Criterion's Blu-ray release is now the standard to which all great Blu-ray transfers must be judged. This is one of the most beautifully shot films in cinema history, and the new transfer seems based on the previous Criterion remastering, but now that it's in 1080, it looks that much better. The soundtrack is also now in 5.1 DTS-HD, and again, the improvements are minor here, but the presentation is excellent. The film has long been a masterclass in cinematography, and this is not a disc that disappoints. For someone like me, this is why the format was invented.

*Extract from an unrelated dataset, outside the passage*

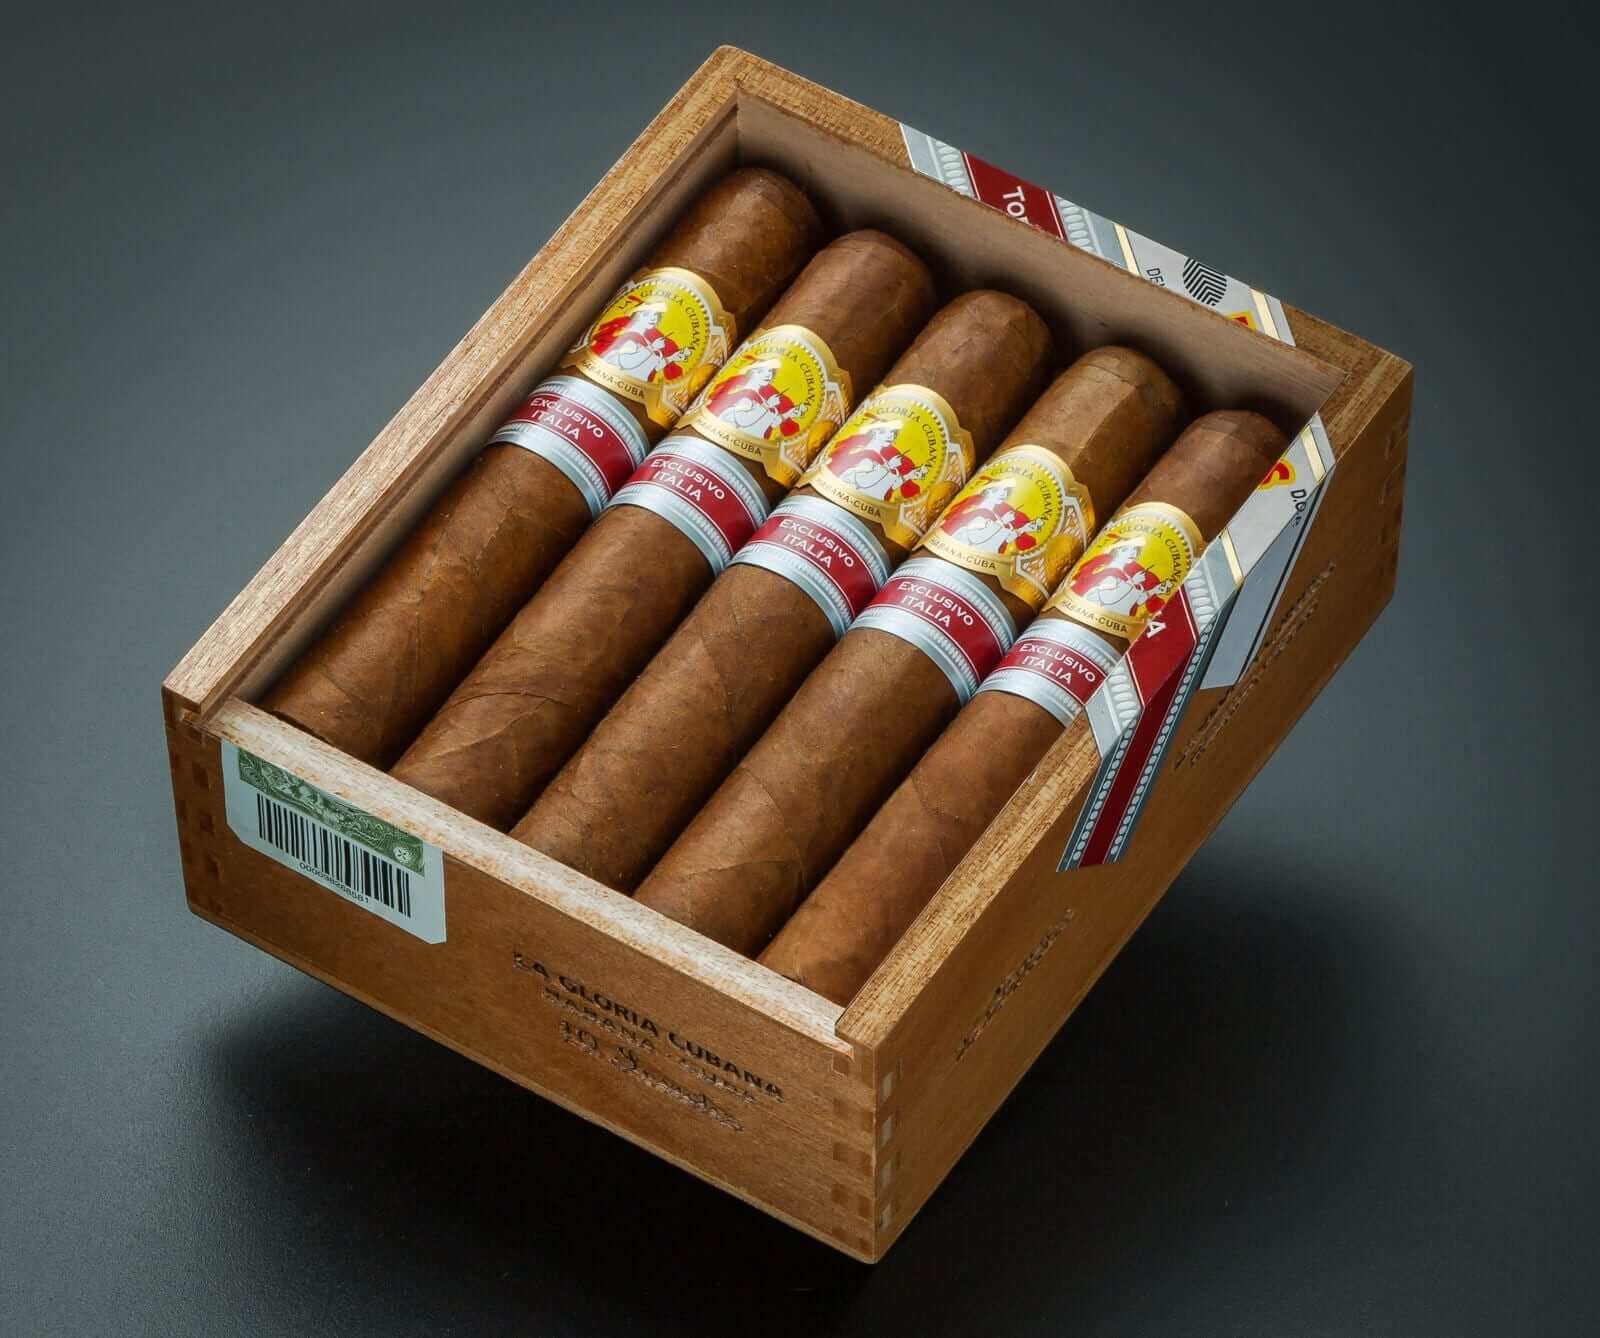 Habanos presenta una nuova classificazione dei sigari cubani - Tabaccheria  Toto13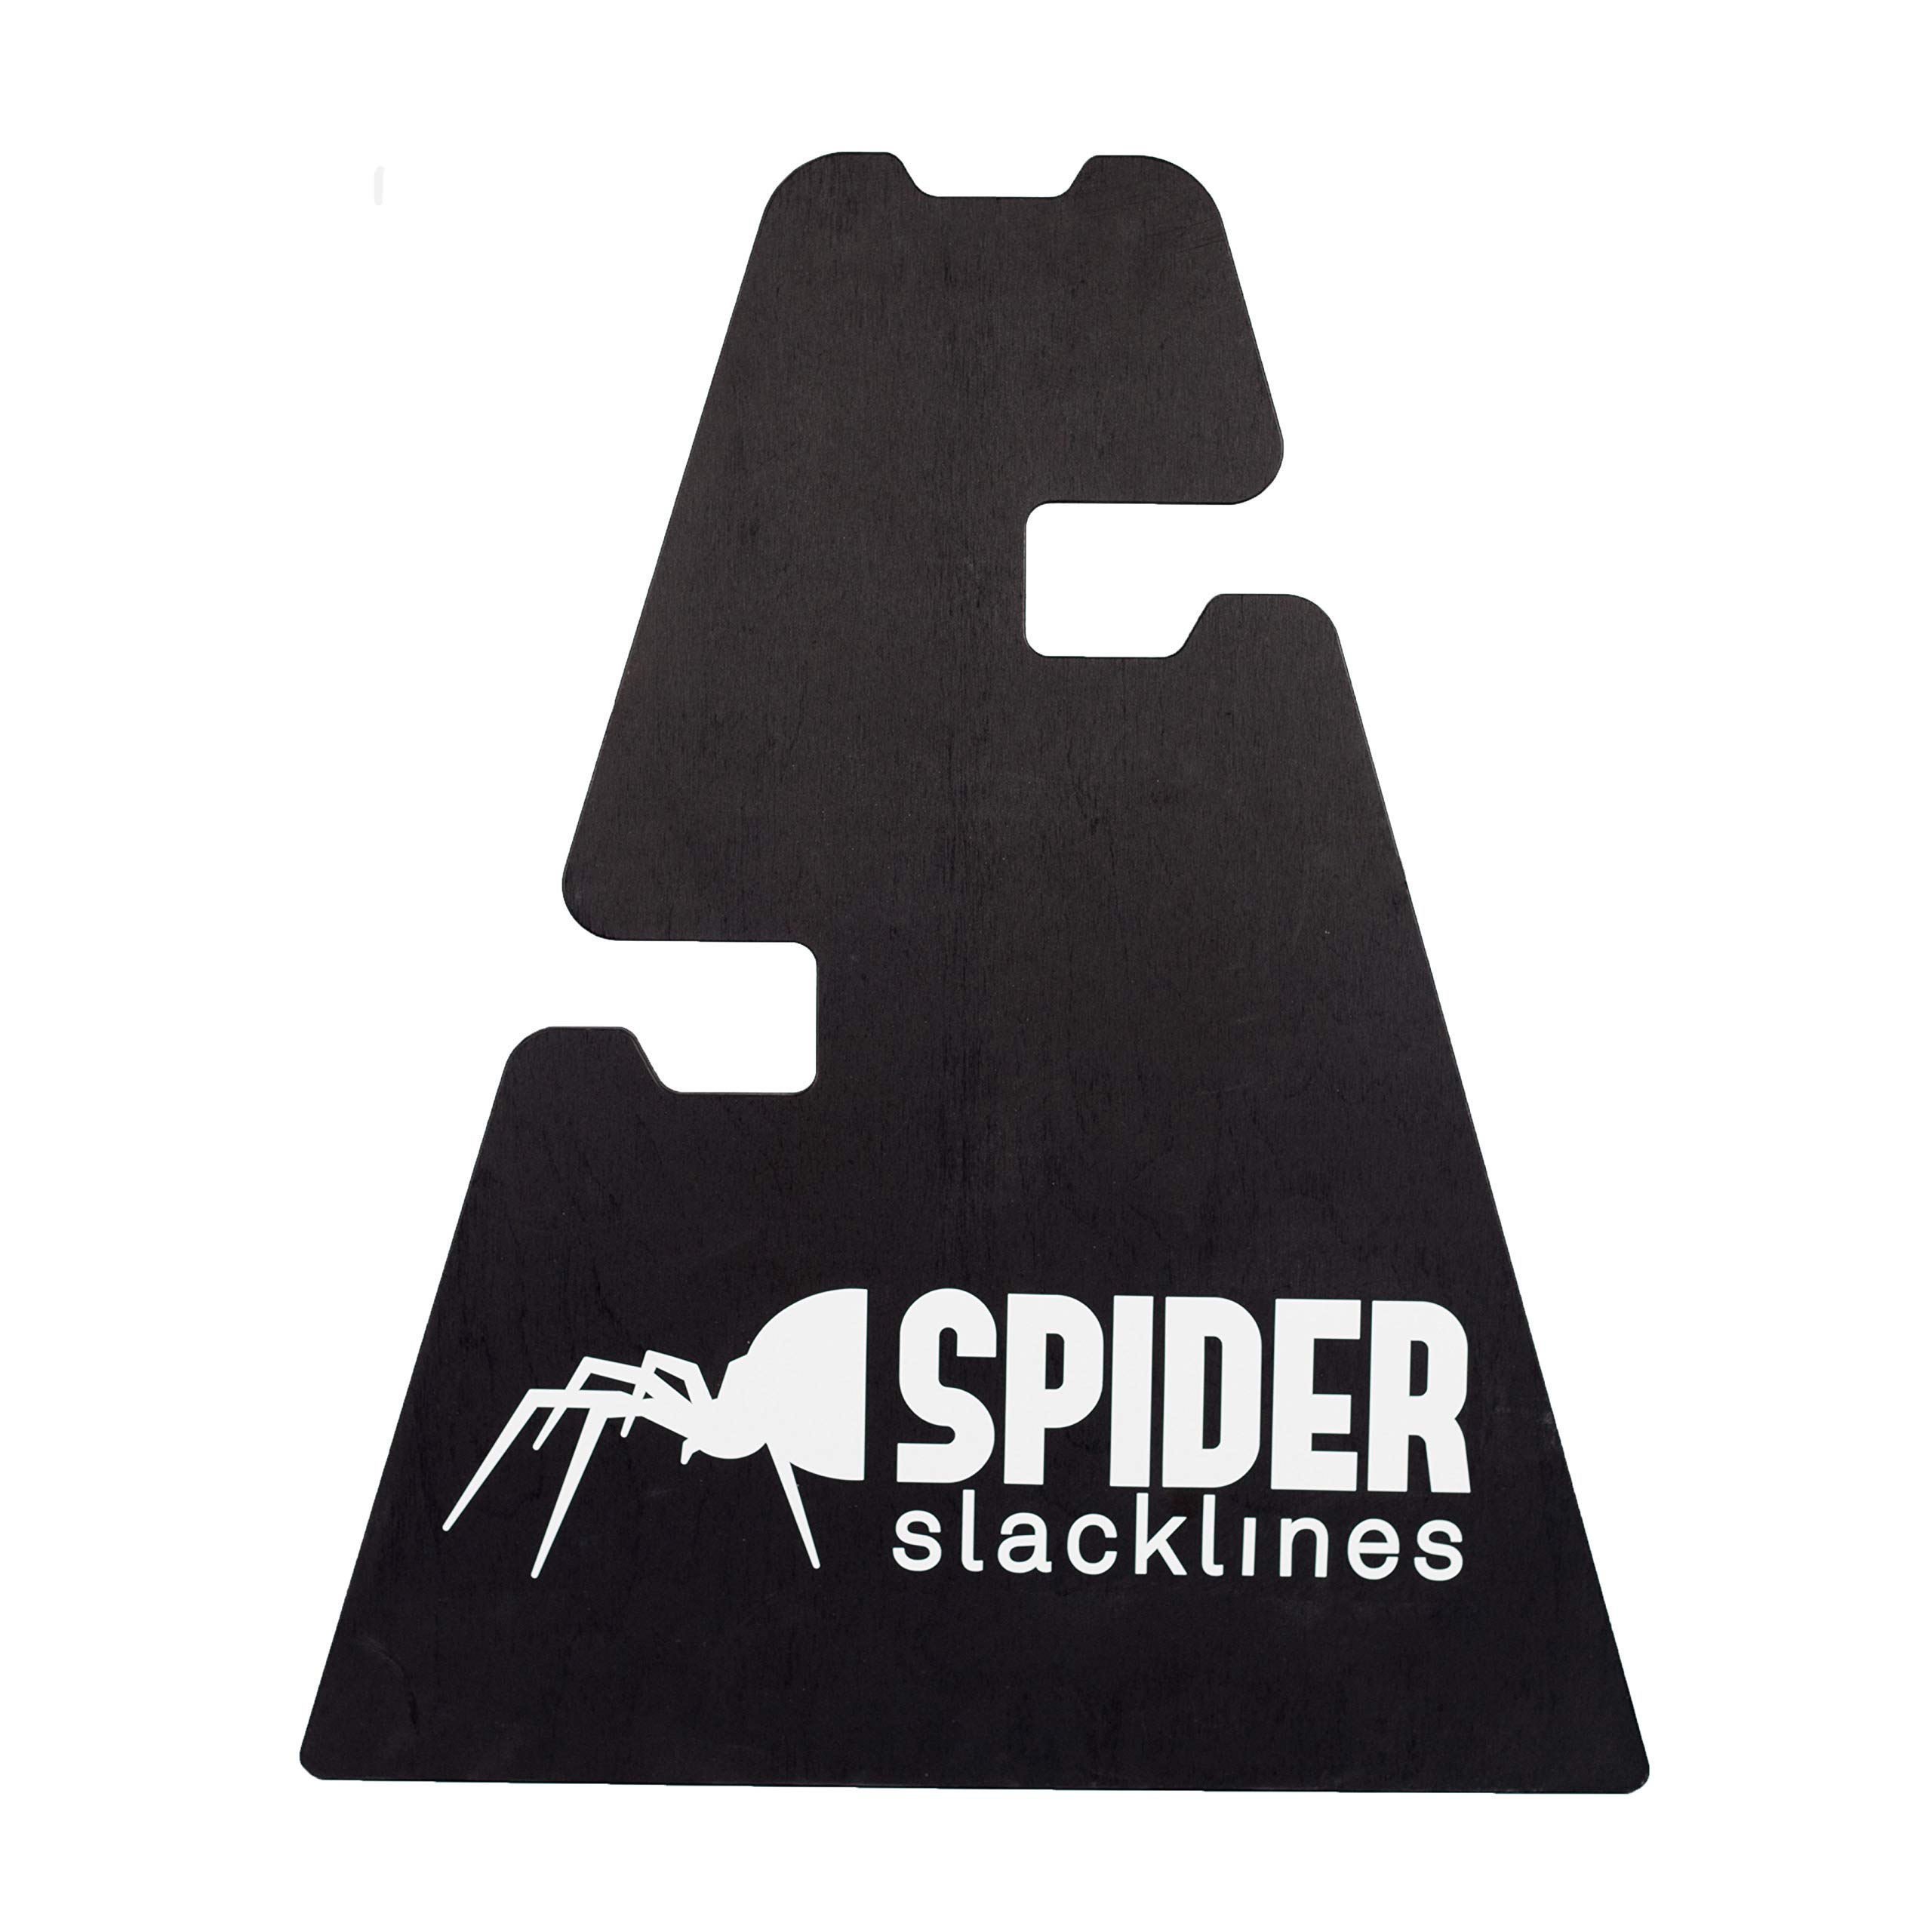 SPIDER SLACKLINE SIS05-3 Height Stand Slackline - Set 1x Holz Unterstützung - DREI Höheneinstellungen 30-50 - 70 cm - Slackline Zubehör, Boden - Made in Italien

Extras include a commentary by editor Bill Weber, art director Jack Fisk, costume designer Patricia Norris, and casting director Dianne Crittenden. It's an okay track, I wish I could rave about it, but they talk partly from an outside perspective, talk briefly about Malick's absence, and the process of the making the film in a way that's interesting, but doesn't get into the guts of the film. Little can't be gleaned from the other supplements. There's an interview with Richard Gere (22 min.) that talks about the making of, and he seems engaged, though slightly annoyed with how much of the dialogue was left behind. San Shepherd also appears (12 min)  to talk about the film and how it brought him to the screen, and his love for Malick. John Bailey (21 min.) was a camera operator, and talks about working on the films, as does Haskell Wexler (12 min.), who shot when Nestor was out of the country working on a Francois Truffaut film.